I know that makes some folks crazy. I know that some folks believe there must be a yardstick we can use to measure schools, and they want to believe that so badly that they have convinced themselves that a piece of twisted wire they found in a junk yard is just as good as a yardstick.
They are wrong. They've been wrong for well over a decade now, and the damage continues to pile up (and that suits some people just fine-- hooray disruption and entrepreneurial opportunity!).
It's important to understand that the Big Standardized Tests are the rotten core of these failed enterprises, because ESSA encourages us to keep repeating that mistake. Our ed policy "leaders" are like people who tried to make a self-driving car by setting a brick on the gas pedal and lashing the steering wheel in one position, and every time the car rams into a tree, they say, "Well, we must need a different sized brick, and we'll tie the steering wheel in a different position." They are like people who have gathered toenail clippings from elephants and declared, "Withy the right analytical model, we can determine the height and health of trees in the jungles that grow 200 miles from where these elephants live."
No, your approach is fundamentally, fatally flawed.
There is no program, no policy, no design, no model that will allow you to turn bad data into good data.
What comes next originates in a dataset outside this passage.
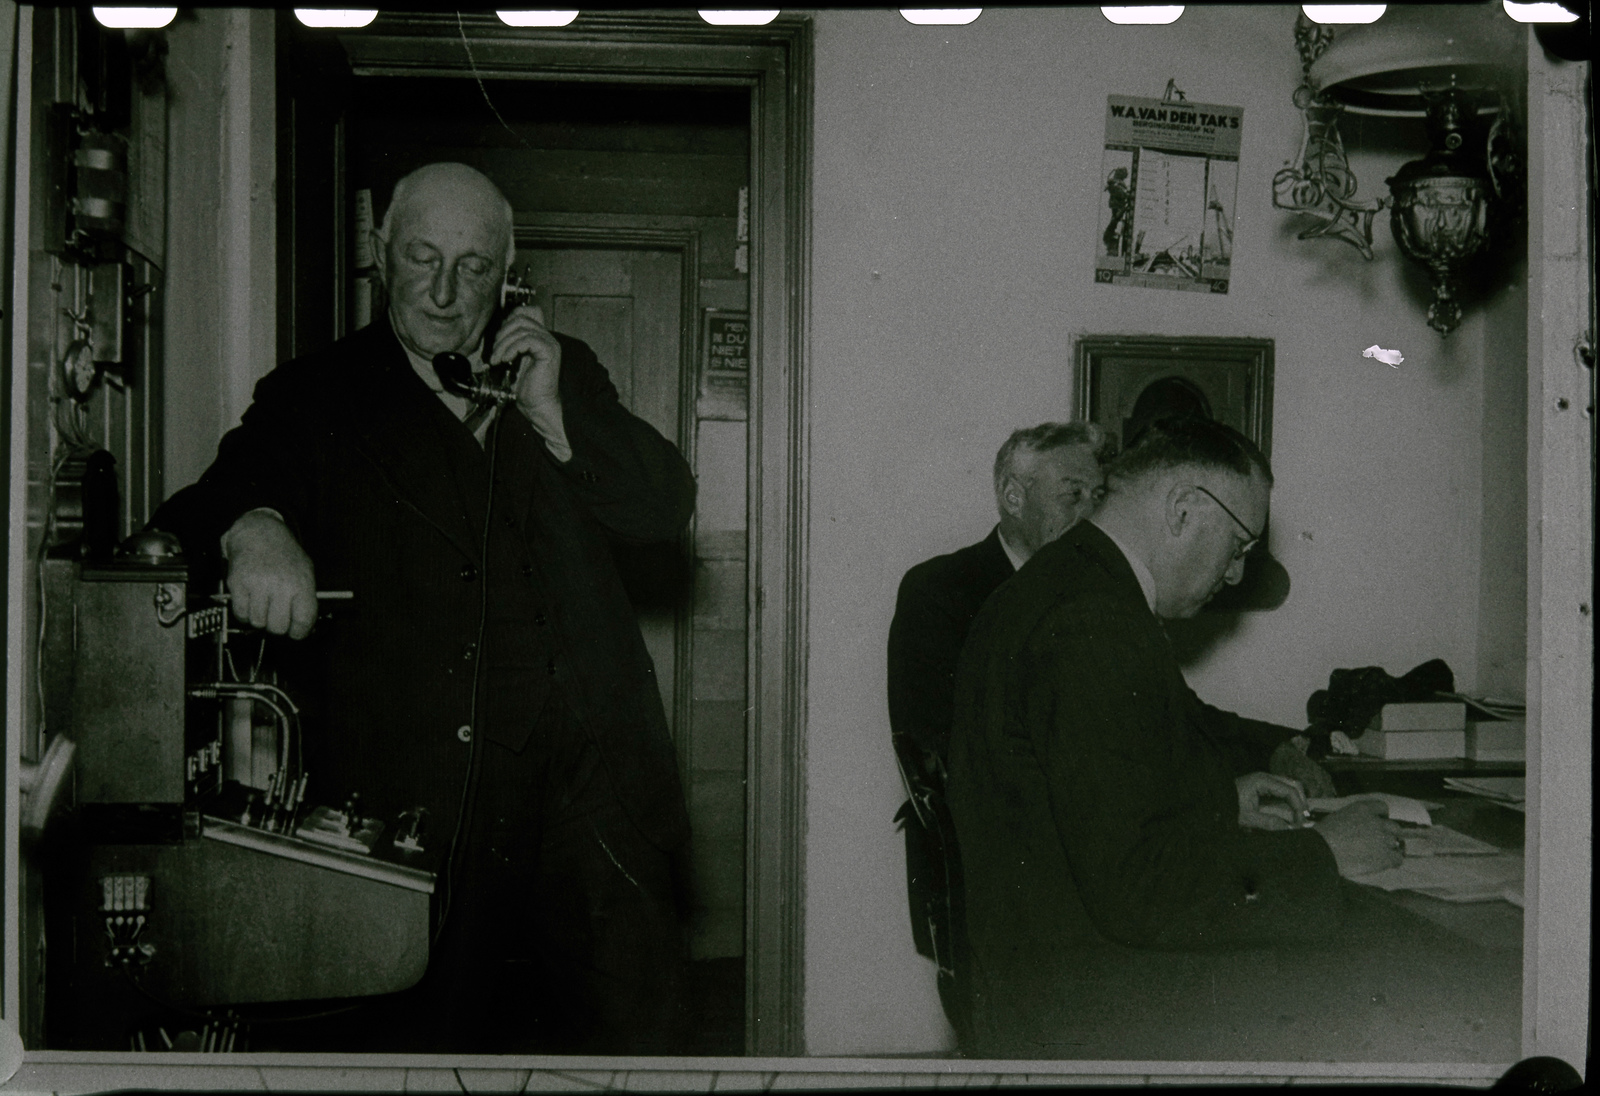 Mannen in postkantoor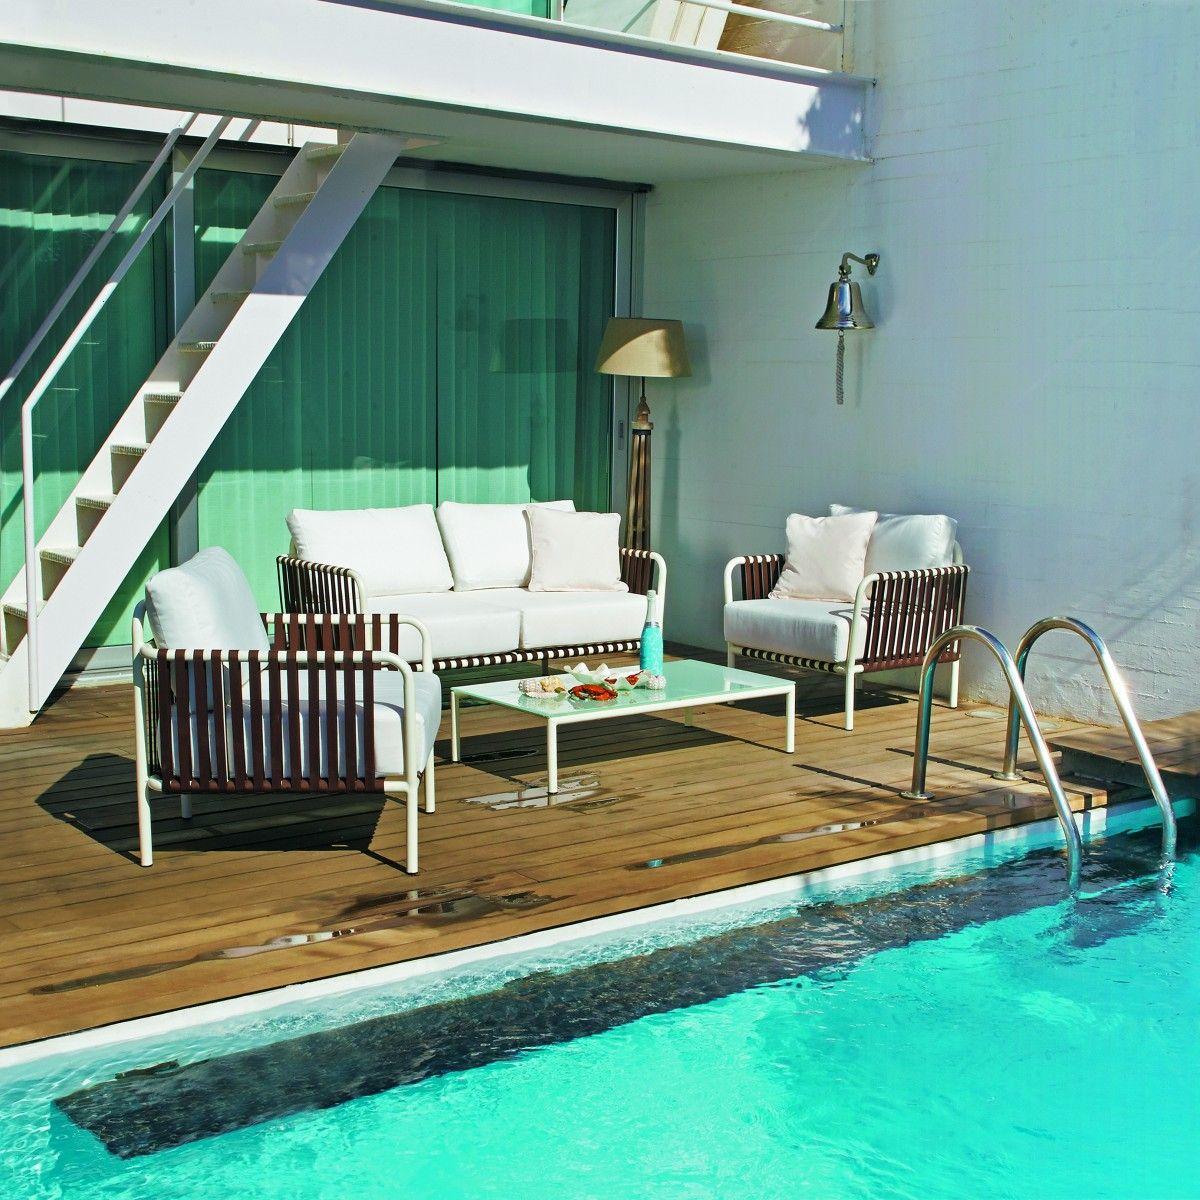 ideas para decorar y amueblar el jardín #terrazas #piscina #verano

There is no model that will let you turn a small sliver of bad data into a rich, full, accurate picture of reality.
Okay, smartypants, you say. If the BS Tests won't give us the data we need, then what else will.
The real answer is that I don't know-- and neither do you and neither does anybody else. And frankly, if you want to propose a data-gathering system, the burden of proof is on you to establish that the system is any good (a burden that has never, ever been met by the purveyors of the BS Tests). There are smart people who have written whole books about the matter, but solving the problem will require a very large conversation, the likes of which we still haven't had. Having that conversation, for real, for serious, would be a good start.
But meanwhile, the critical lesson from the past two administrations remains unabsorbed. It is the generation of narrow, bad data, the placement of a bad standardized test at the center of education, that doomed all of the previous ideas, both the good ones and the bad ones, to failure (in fact, it is the unfounded belief in BS Tests as fonts of good data that has allowed some bad ideas to even exist).
Until we address that, ed policies will continue to fail.